One of the few times the show taps the pathos and tragedy of Presley’s life story — what makes that story so emotionally rich — is in the delivery of One Night.
Instead of the ribald R&B number that Elvis transformed from One Night of Sin into One Night With You, it’s rendered here as a disarmingly graceful ballad, sung by a woman in contemporary tank top and jeans as she watches two men athletically working their way around a gigantic guitar-shaped metal framework suspended from above.
The men are dressed identically in the standard-issue teenage boy uniform of the ‘50s: white T-shirts, cuffed blue jeans and black oxford shoes, representing Elvis Aaron and his twin, Jesse Garon, who was stillborn.
At the end of the number, while Elvis scales the neck of the guitar climbing toward the heaven-bound headstock, Jesse drops from one of the bottom rungs into a pit below, one hint at the personal loss that haunted Presley throughout his life.
There’s also a gorgeous and moving aerial pas de deux in which two members of the troupe float effortlessly through the air to accompany the weightless sound of Elvis’ vocal on Are You Lonesome Tonight?
Among the other individual set pieces, Got a Lot O’ Livin’ to Do takes an audio clip in which Presley expresses his youthful passion for comic books as the foundation for a fanciful trampoline workout for acrobats fitted in various superhero- inspired costumes.
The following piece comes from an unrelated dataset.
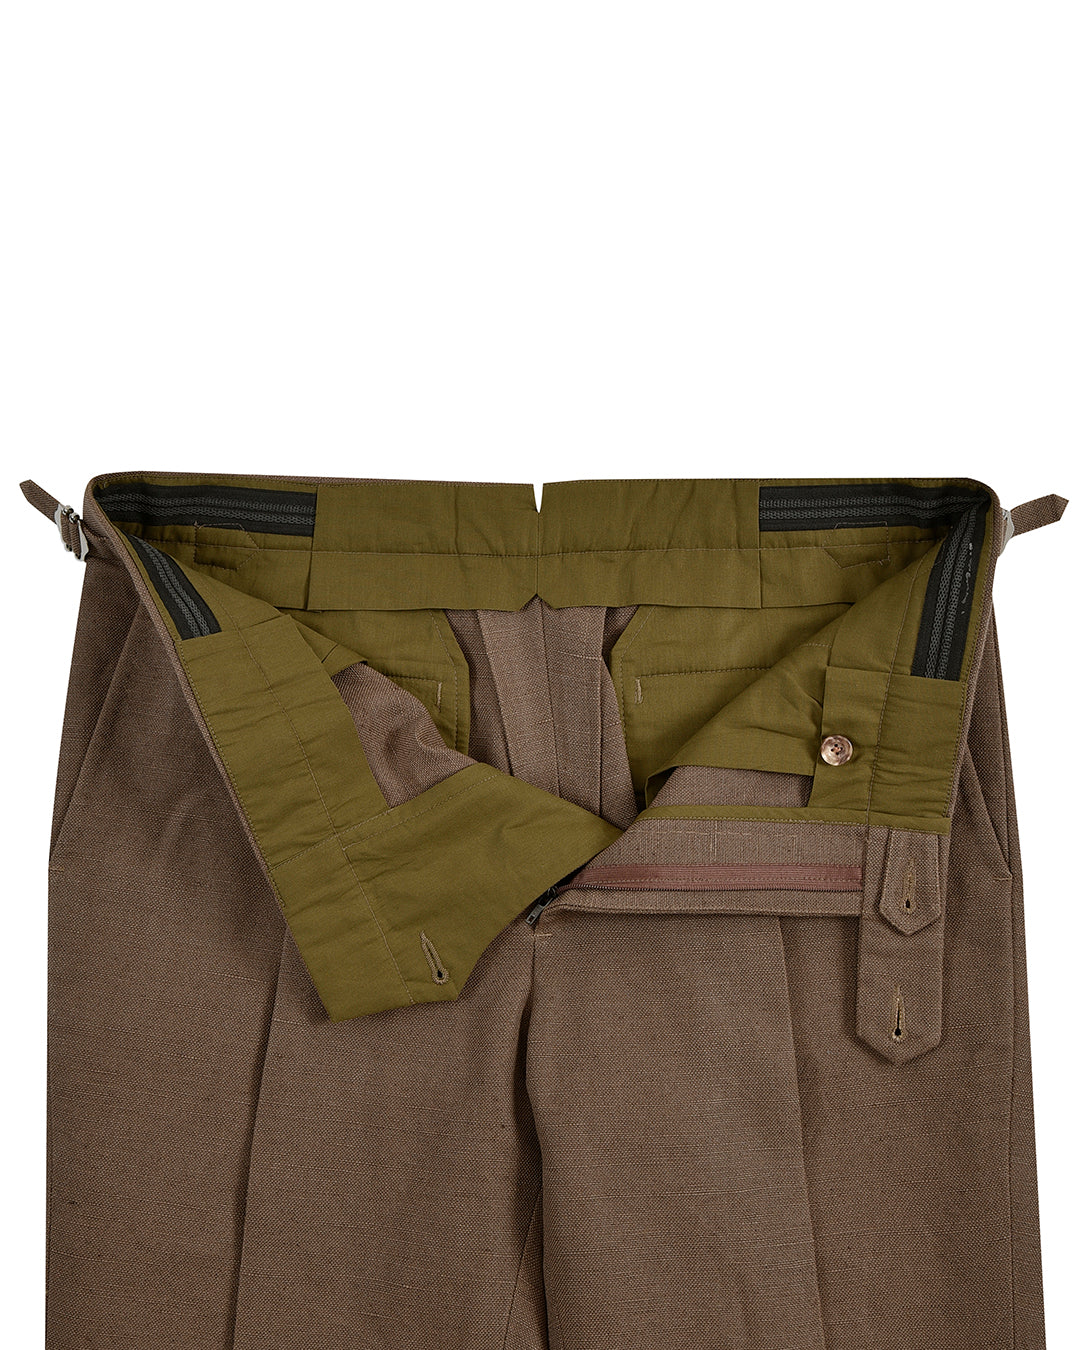 Open front view of custom linen canvas pants for men by Luxire in brown

Bossa Nova Baby incorporates a nerve-testing, chair-balancing act full of characters in garish ‘60s hipster duds.
The two most striking numbers are the military-based treatment of Return to Sender that follows film footage of Presley’s 1958 swearing-in as an Army private, and an electrifying reinvention of the iconic Jailhouse Rock movie production number.
The show goes on to reference his fairy-tale wedding to Priscilla Beaulieu, as well as their tempestuous life together — minus any allusions to the birth of daughter Lisa Marie.
Elvis Presley became the single most influential pop musician of the rock era by unleashing an innate genre- and colour-blind talent that let him transcend his dirt-poor origins and achieve a previously unimaginable level of worldwide success, a story that still resonates powerfully because of the way that success fuelled the excess that ultimately led to his downfall.
Cirque du Soleil clearly loves Elvis tender, but in the end, Viva Elvis never lets him step off the mystery train.